◆ TASK OBJECTIVE ◆
All of the lines below are to be transcribed faithfully, with pictures excluded from the copy.

◆ DATASET CONTENT ◆
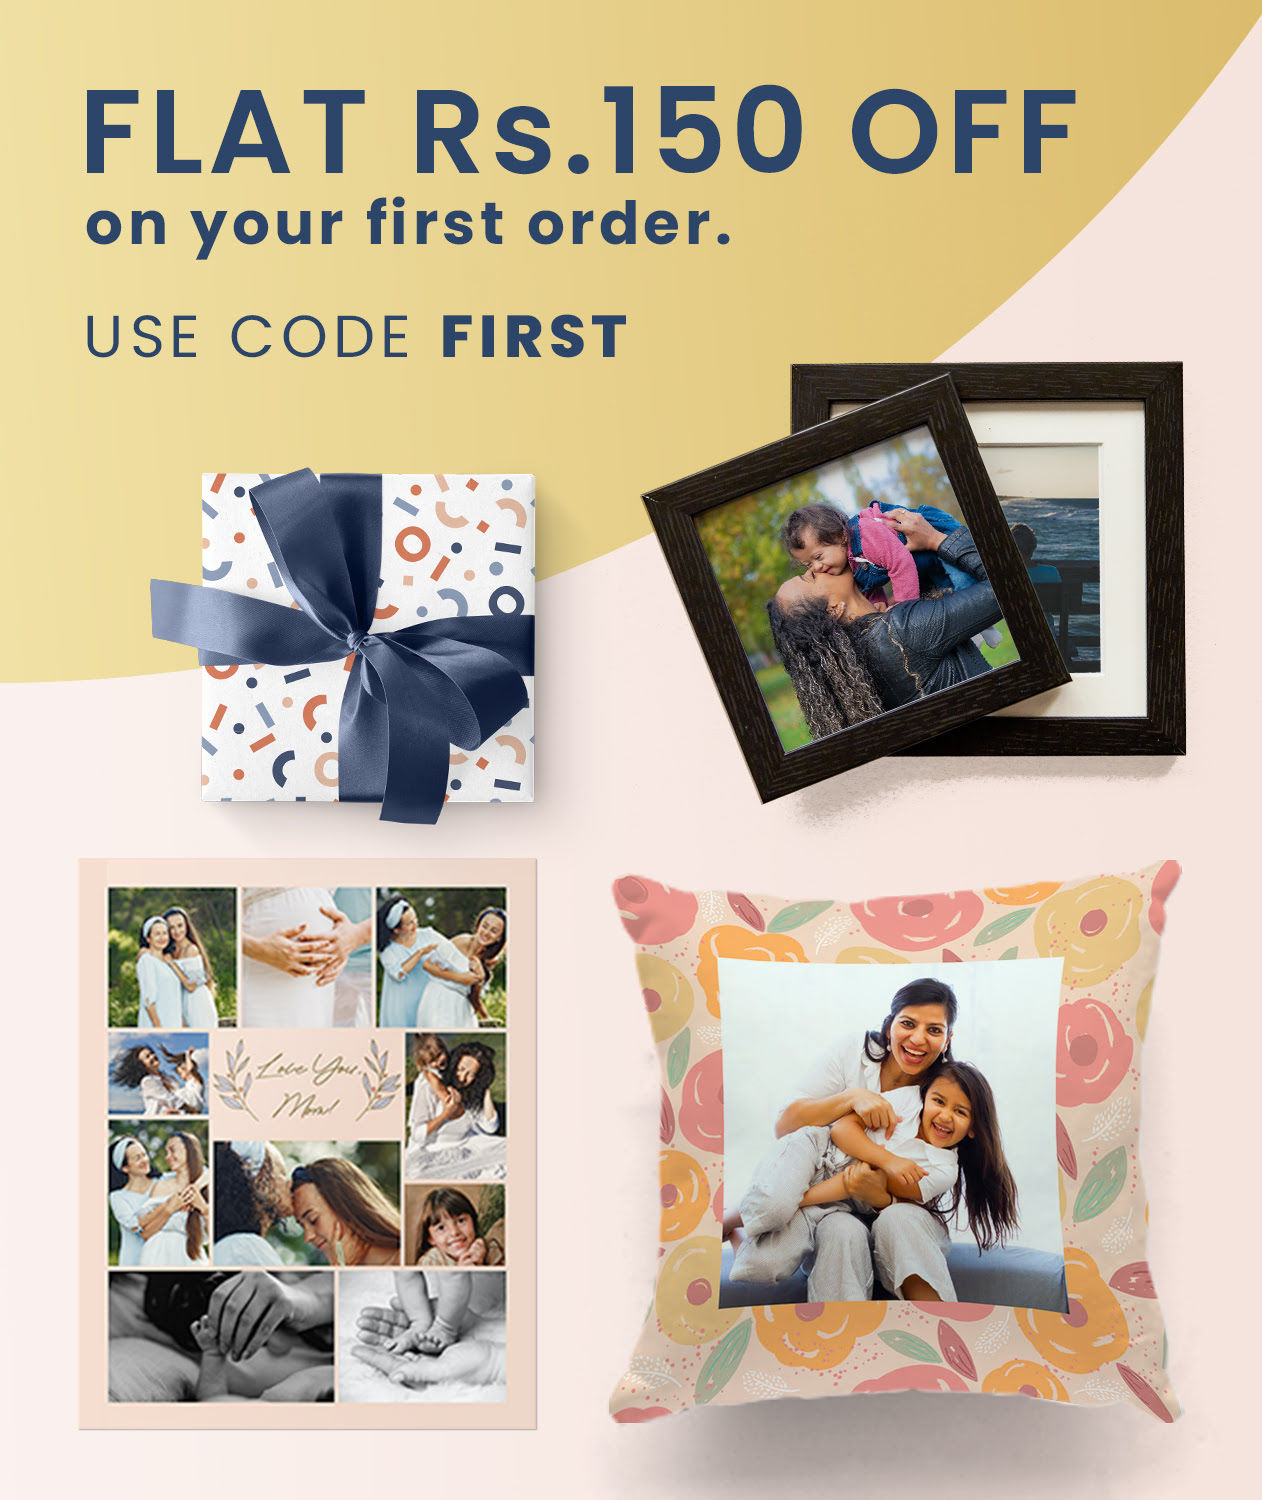 Zoomin new user offer coupon code - Flat Rs.150 Off on first order | Zoomin
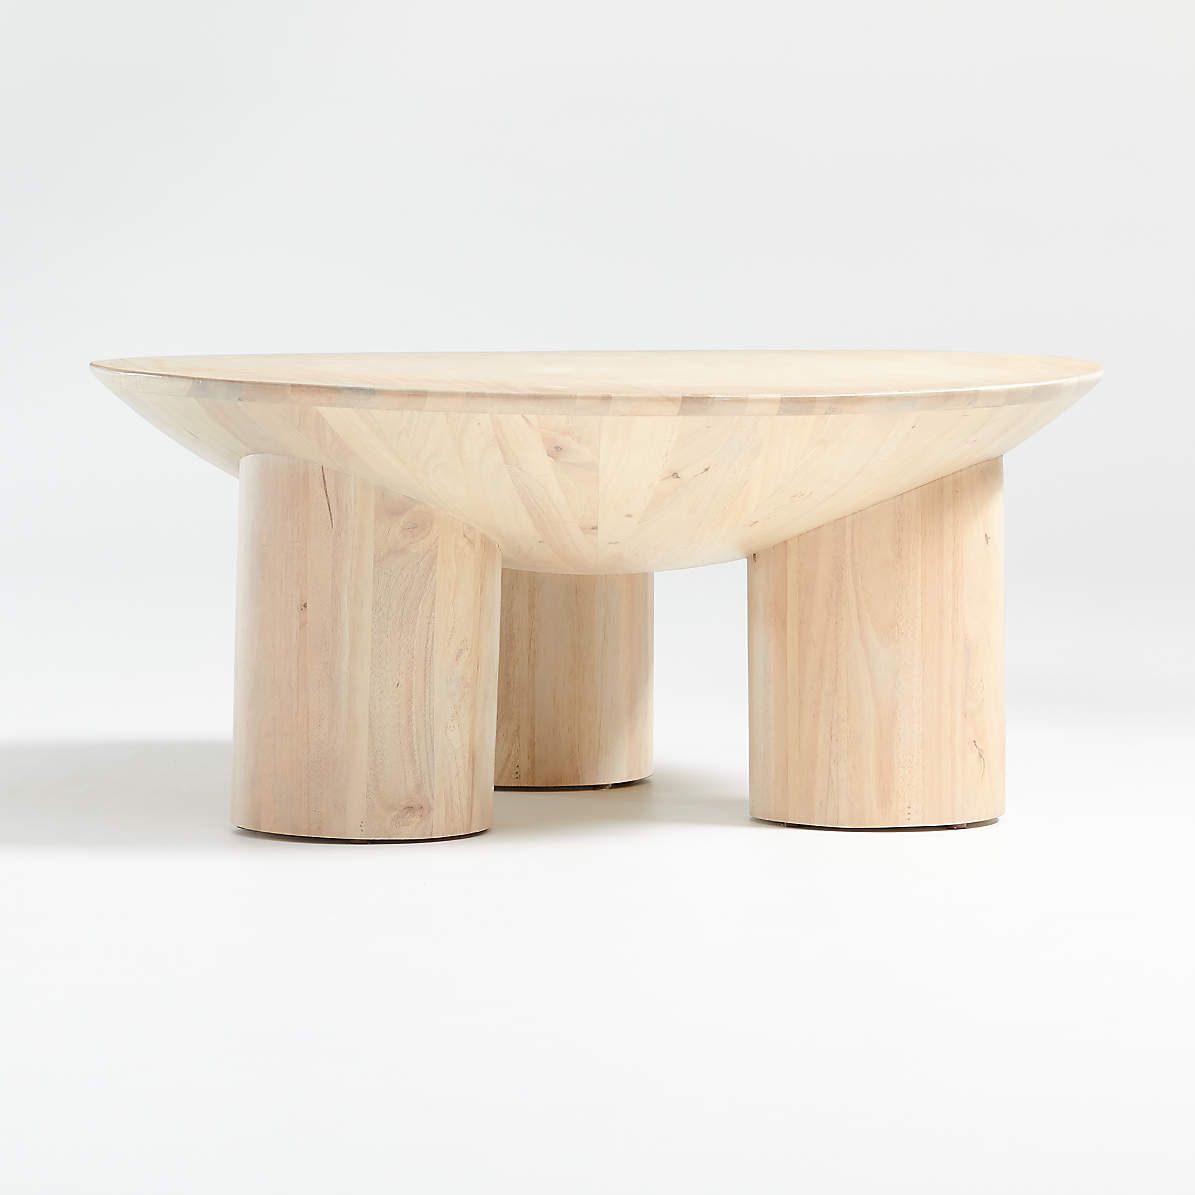 Tom Natural Three Legged Coffee Tableleanne Ford + Reviews | Crate &  Barrel Pertaining To 3 Leg Coffee Tables (View 4 of 15)
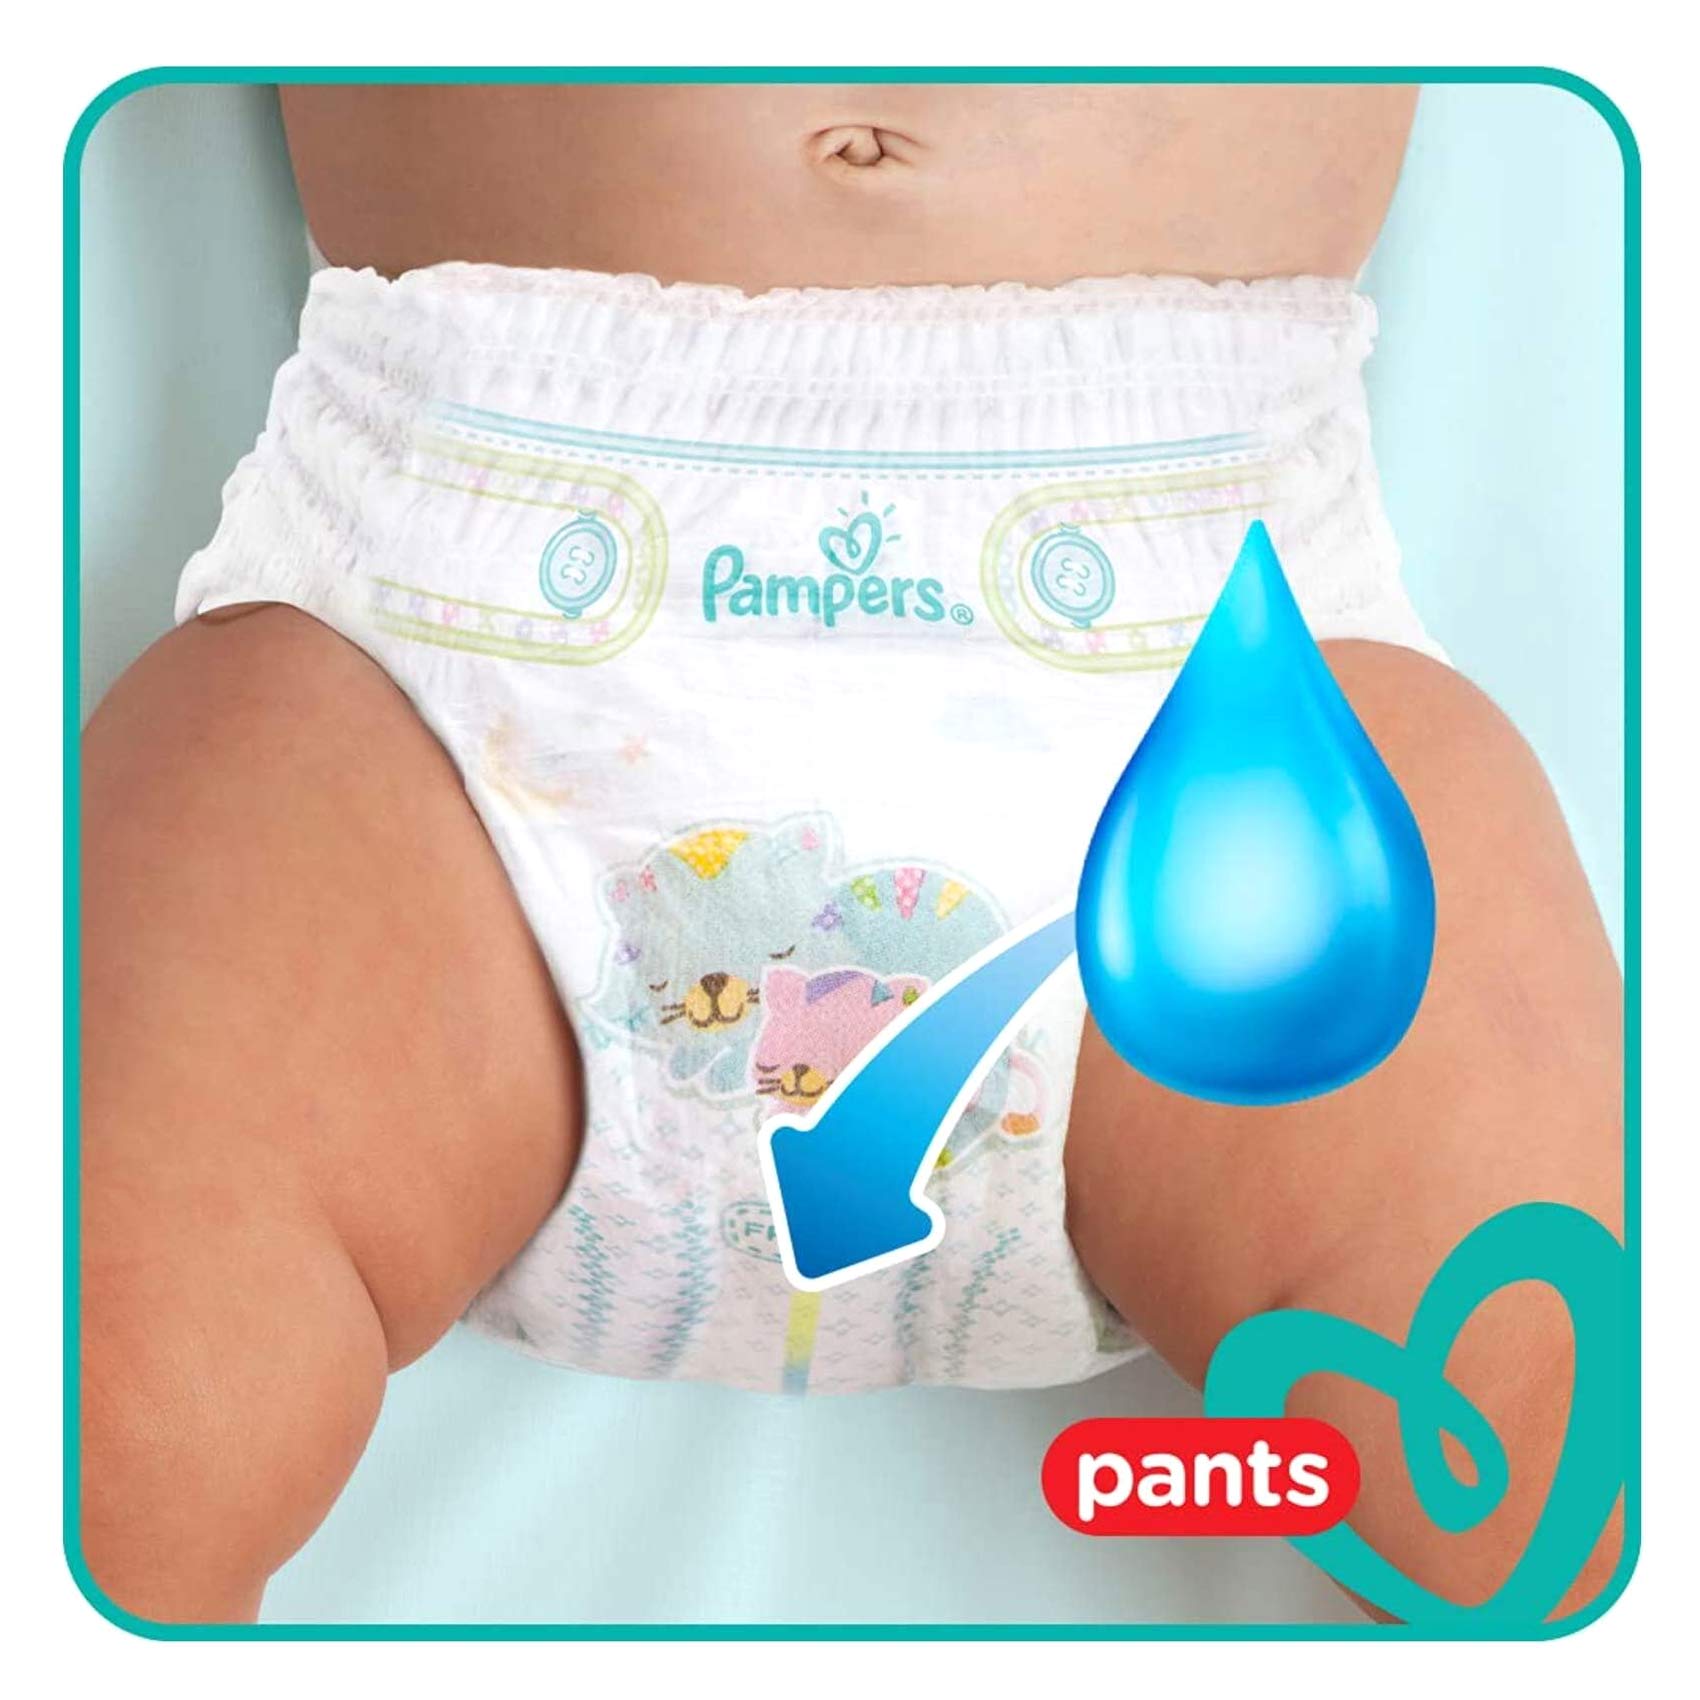 Pampers Baby Pants Diaper Maxi Size 4 50 Count 9-14 kg
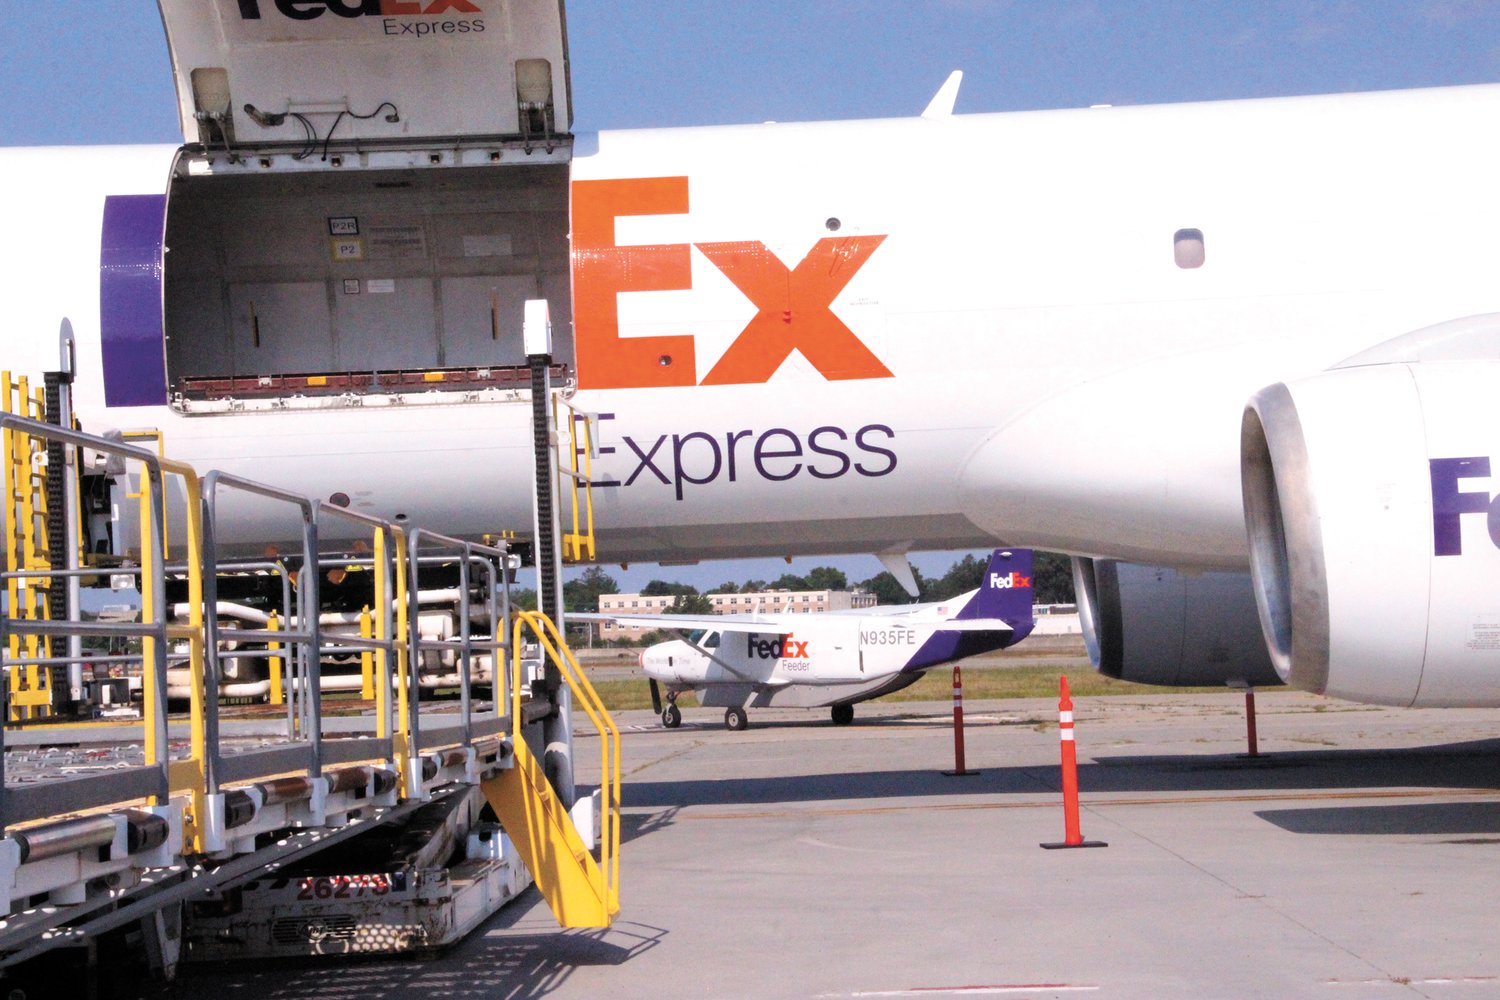 BIG BROTHER LITTLE SISTER: A FedEx 757 dwarfs a smaller plane from the FedEx fleet on its way to make a delivery. (Cranston Herald photos)

◆ EXERCISE RESULT ◆
 Zoomin new user offer coupon code - Flat Rs.150 Off on first order | Zoomin
 Tom Natural Three Legged Coffee Tableleanne Ford + Reviews | Crate &  Barrel Pertaining To 3 Leg Coffee Tables (View 4 of 15)
 Pampers Baby Pants Diaper Maxi Size 4 50 Count 9-14 kg
 BIG BROTHER LITTLE SISTER: A FedEx 757 dwarfs a smaller plane from the FedEx fleet on its way to make a delivery. (Cranston Herald photos)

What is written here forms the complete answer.